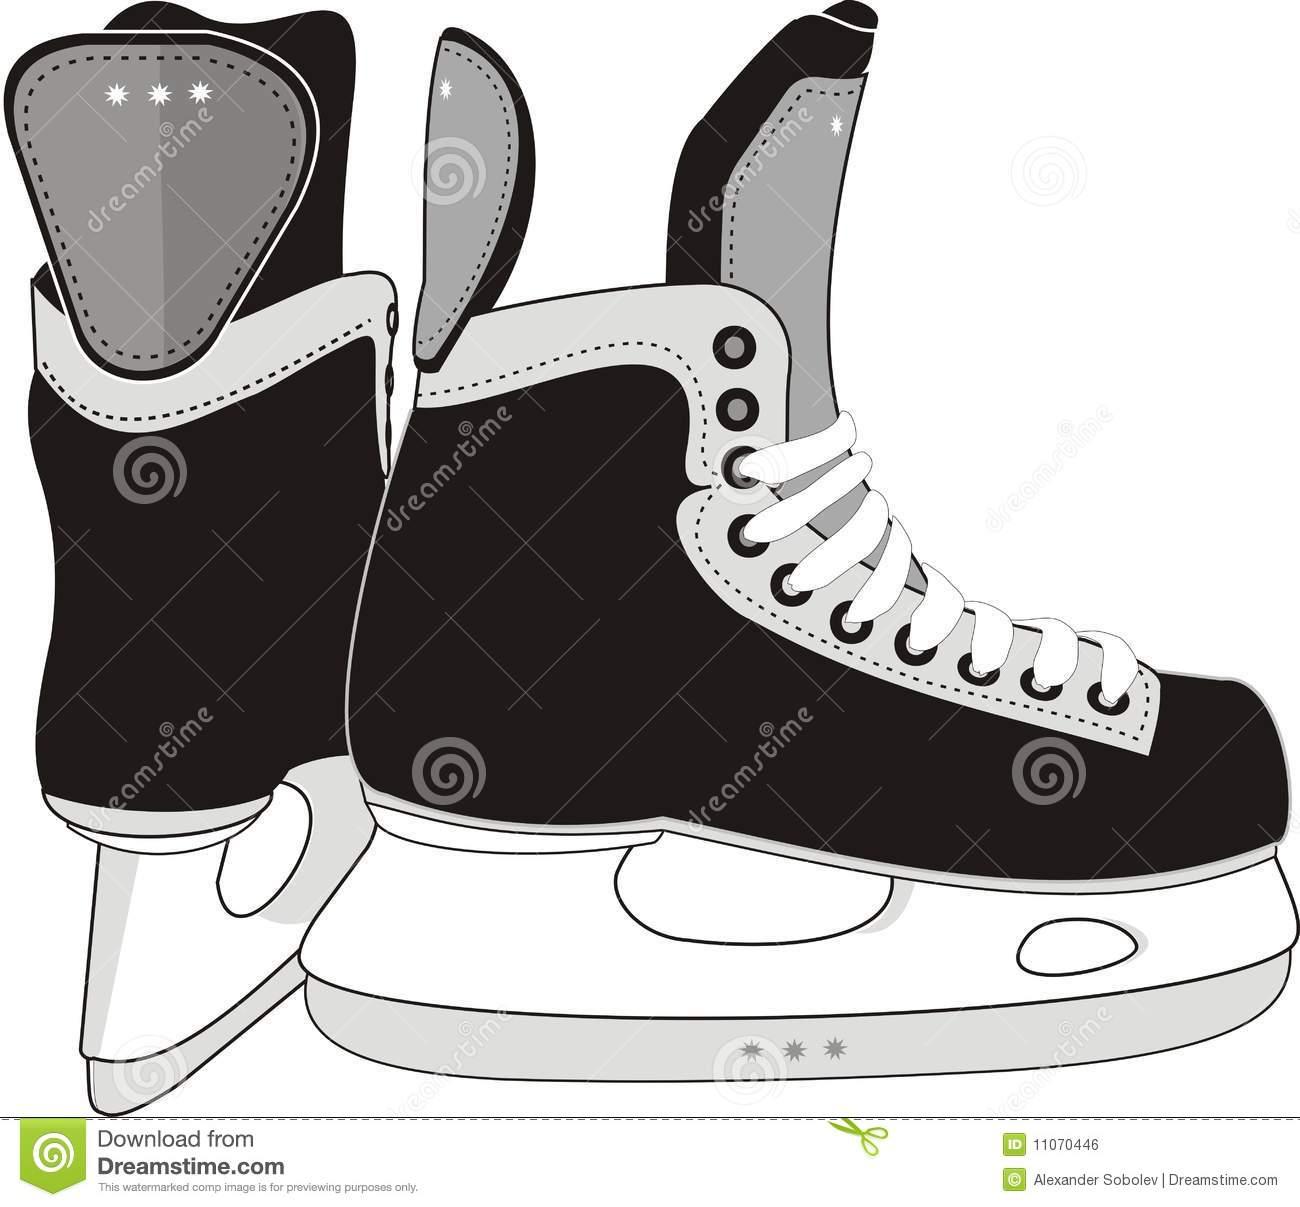 Hockey skates clip art free.
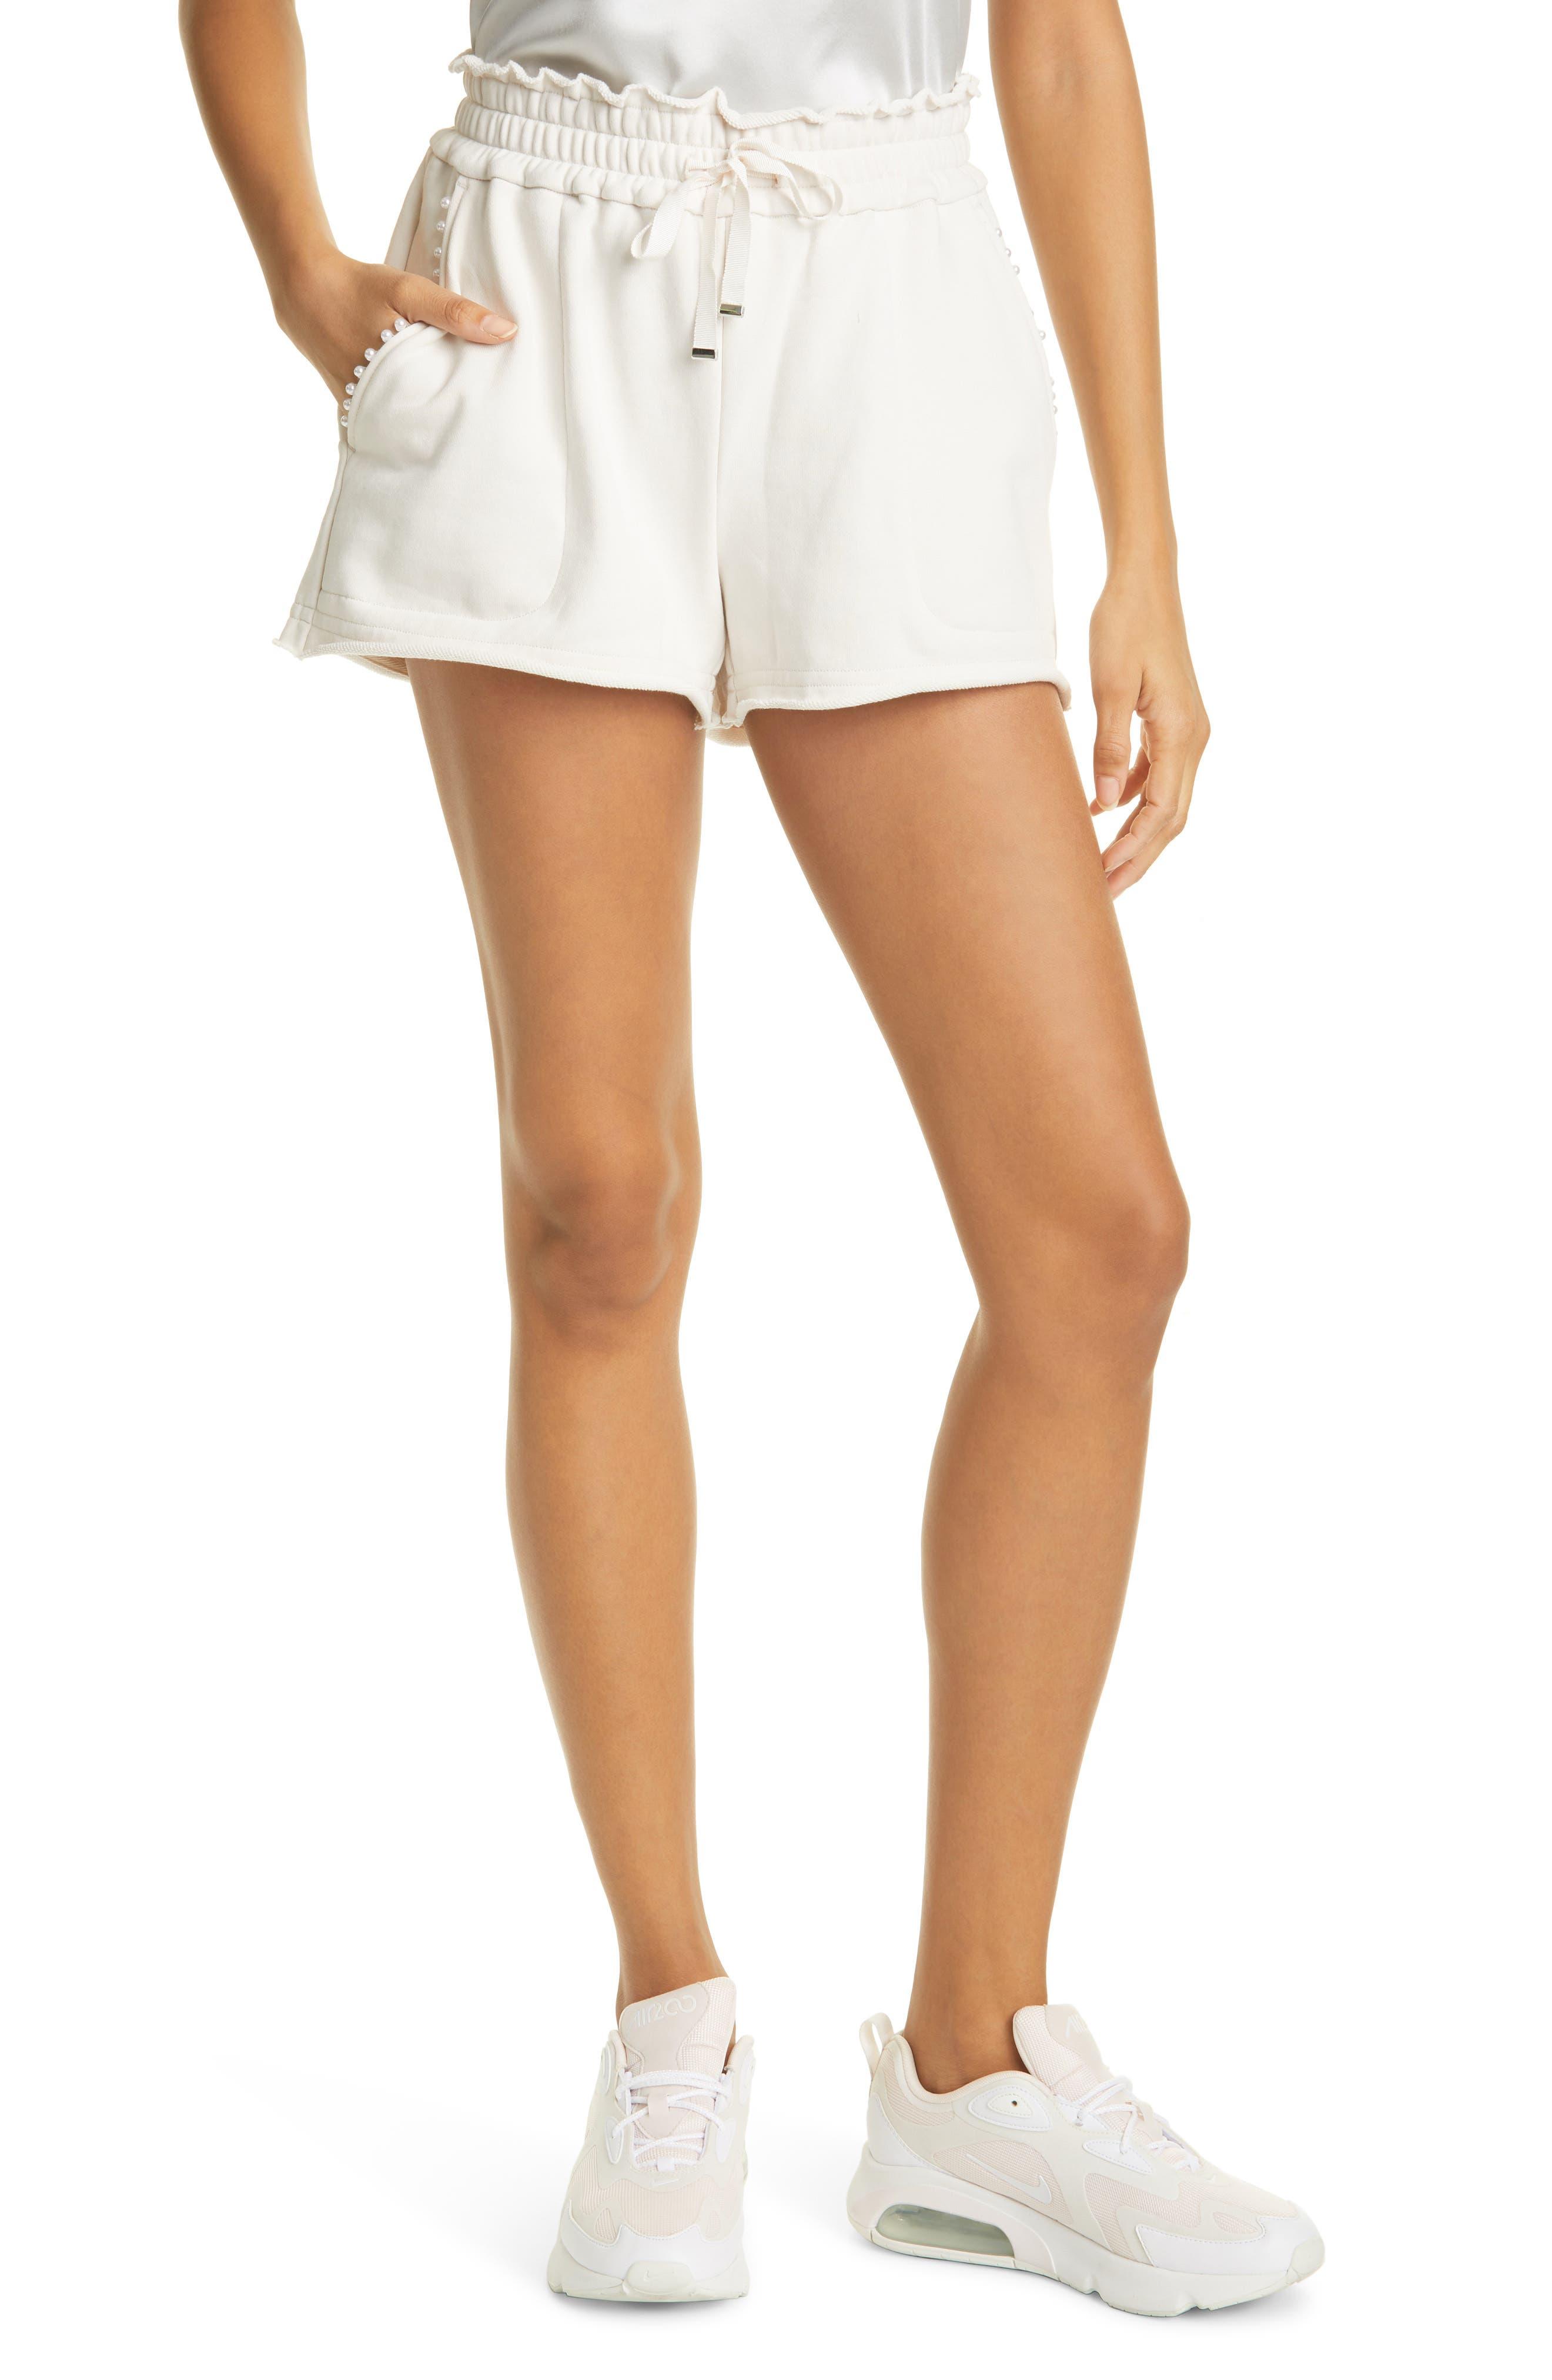 Lynley Pearl Sweat Shorts
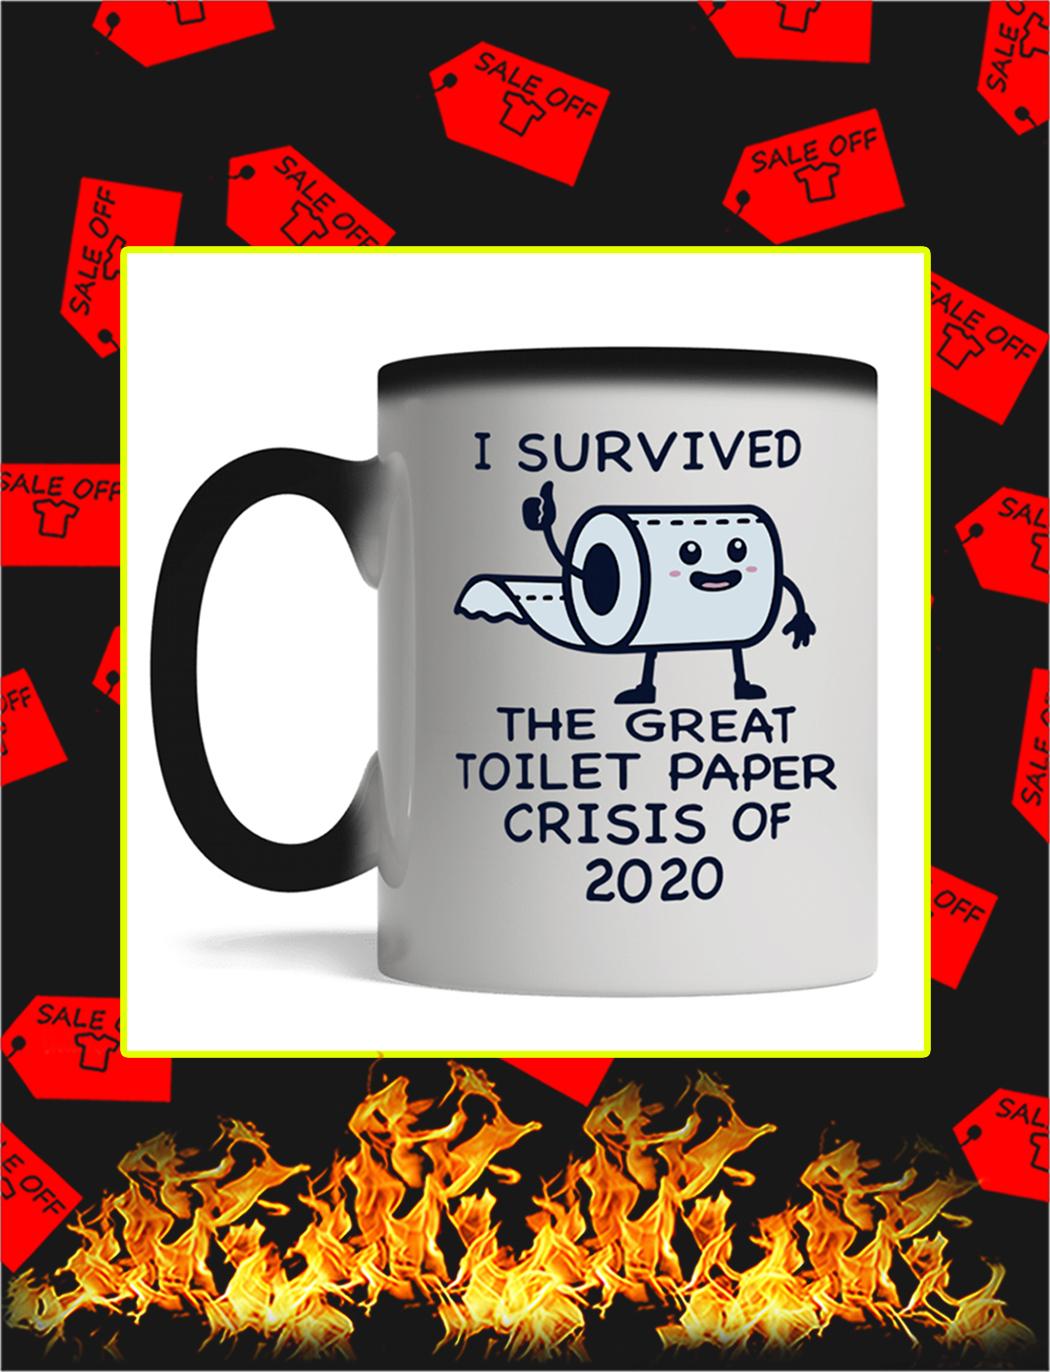 I Survived The Great Toilet Paper Crisis Of 2020 Mug- magic mug
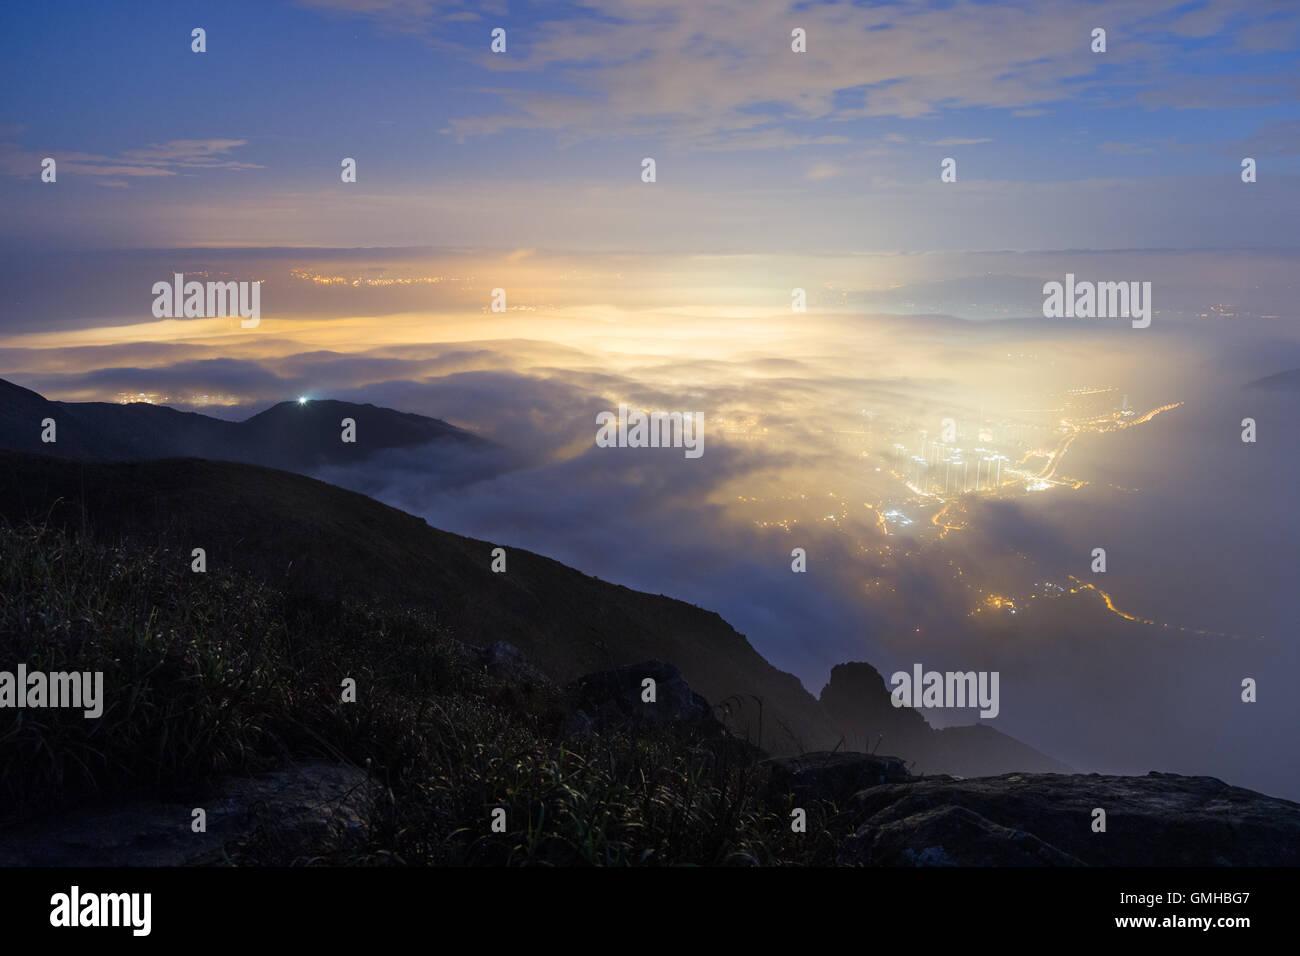 Lights of Tung Chung New Town below clouds on Lantau Island, viewed from the Lantau Peak in Hong Kong, China. - Stock Image

....

*Goal of the exercise*
Copy nothing but the lines above from the one with "Lynley Pearl Sweat Shorts" through the end of the material, word for word, and drop the pictures.

*Answer section*
 Lynley Pearl Sweat Shorts
 I Survived The Great Toilet Paper Crisis Of 2020 Mug- magic mug
 Lights of Tung Chung New Town below clouds on Lantau Island, viewed from the Lantau Peak in Hong Kong, China. - Stock Image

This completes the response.